Posted By: Mama Mangia
Aug 2 # 42 of 53
Anne's Rice Bran Muffins (Gluten-Free, Nut-Free, Soy-Free)
Anne, of Debra's Natural Gourmet, shared her GFCF / Vegan "Not-Your-Average Mac'n'Cheese" recipe with us. Anne let us know, "I'm mainly interested in gluten free food, but have made my recipes dairy free as well because many celiacs have a hard time digesting it as well as gluten." While these breakfast-worthy treats do call for rice bran and brown rice flour, as the name would imply, they also feature a special, little known gluten-free flour, Teff ...
Teff is a grain native to Ethiopia, and a nutritional powerhouse smaller than a poppy seed. If you've ever had injere, Ethiopian pancake-bread, you've had teff. In the recipe below, you can sub potato starch for the corn starch, but don't use potato flour, which is made from ground whole potatoes, rather than just their starch. If you use potato flour, your muffin will tastes like a potato, so don't say I didn't warn you!
Anne's Rice Bran Muffins
1 c sweet brown rice flour
¼ c teff flour
¼ c rice bran
¼ c tapioca flour
¼ c non-GMO corn starch
1 tsp baking soda
1½ tsp aluminum-free baking powder
½ tsp each salt and xanthan gum
2 tsp cinnamon
½ tsp nutmeg
½ c Earth Balance spread
1/3 c Sucanat or Rapadura
2 eggs
½ tsp vanilla extract
1 c organic raisins
Preheat oven to 350 degrees. Grease a muffin tin or two (for 12 muffins) and set aside.

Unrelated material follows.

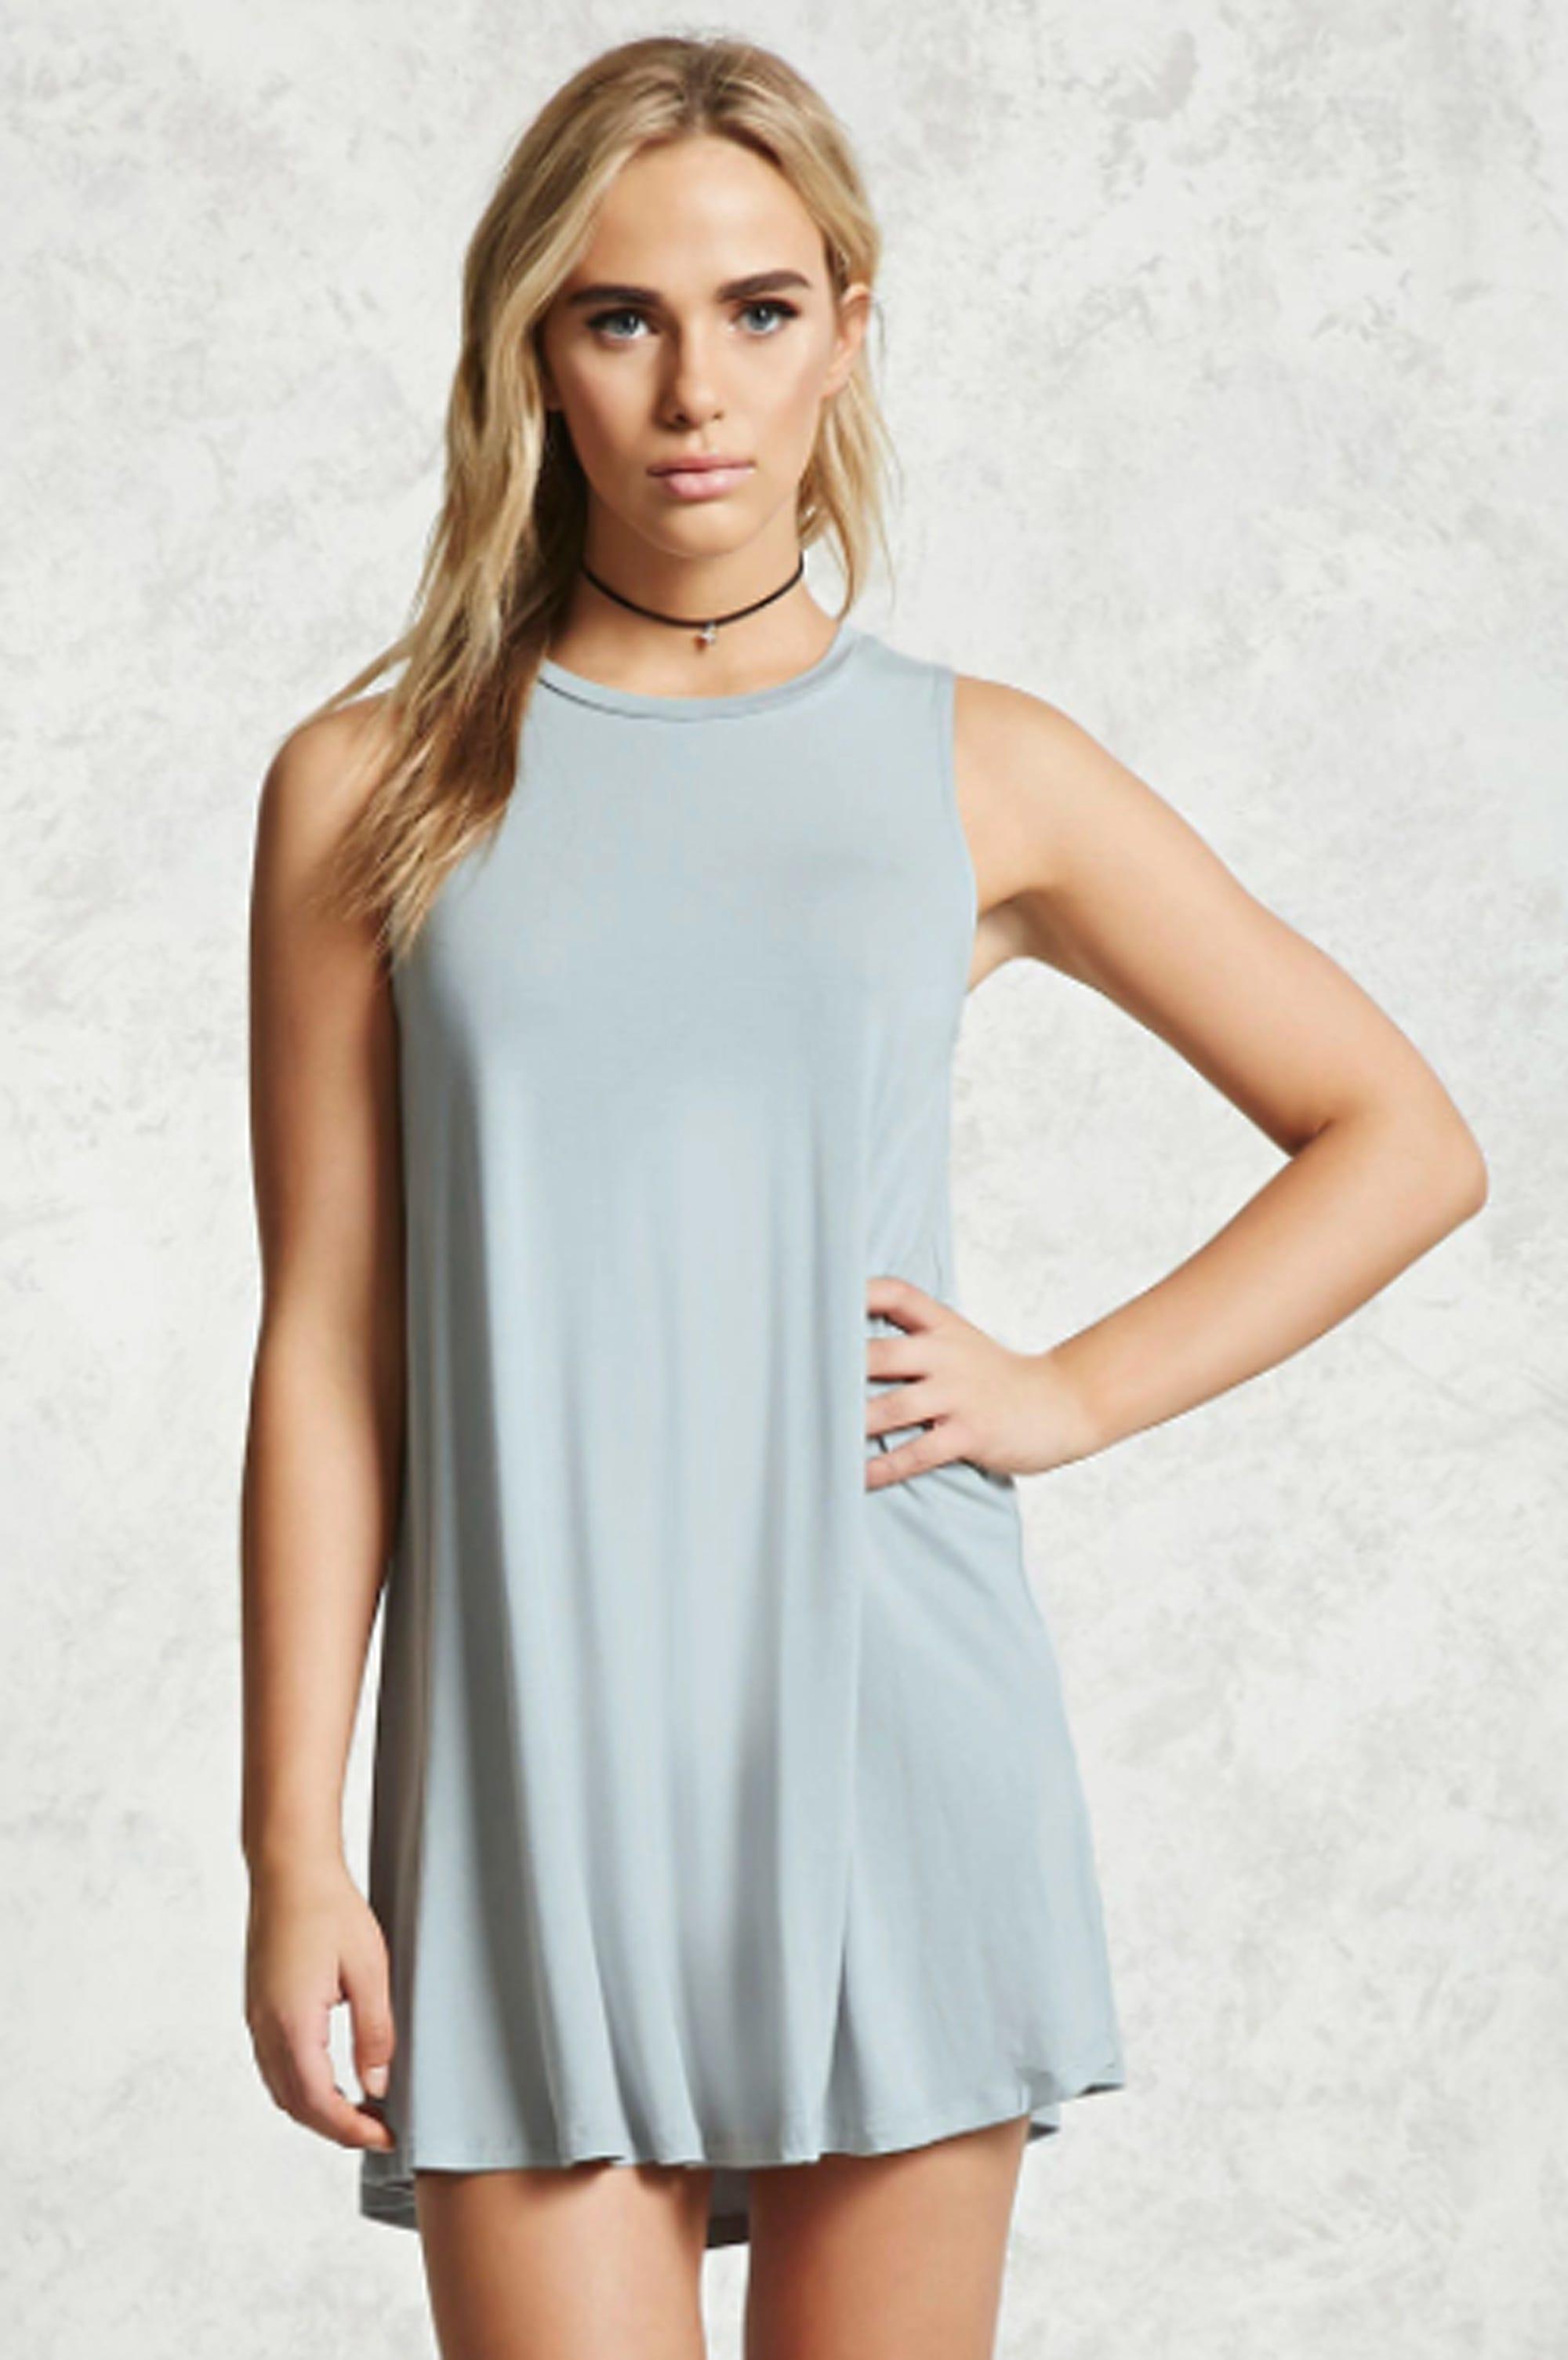 Lauren Conrad Favorite Forever 21 Dress Under 10 Dollar

Using mixer, cream Sucanat or Rapadura with butter (or Earth Balance spread). Add eggs, peeled bananas, and vanilla. Beat until smooth. Combine remaining dry ingredient together, and add blend to wet mix with hands or a spoon. Scoop batter into muffin tins, filling each cup to the top. Bake 20-30 minutes, or until muffin bounces back when pressed lightly.
This recipe makes a great base for all sorts of variations. Just sub out the bananas and raisins for any other fruit you want. For example, make cranberry-orange, or blueberry-spice (add cardamom).
Makes 12 muffins
Posted By: Mama Mangia
Aug 2 # 43 of 53
Banana Choc Chip Muffins w/Granola Crunch Top (Vegan, Gluten-Free, Nut-Free, Soy-Free)
Recipe from Enjoy Life Foods.
Ingredients:
2.5 C Gluten-Free Flour Mix (see below)
1 C Brown Sugar, loosely packed
1-1/2 t Baking Soda
1-1/2 t Gluten-free baking powder
½ t Salt
½ t Cinnamon
1 t Xanthan Gum, Agar, OR Guar Gum
2 C Mashed EXTREMELY Ripe Bananas (about 5-6 bananas)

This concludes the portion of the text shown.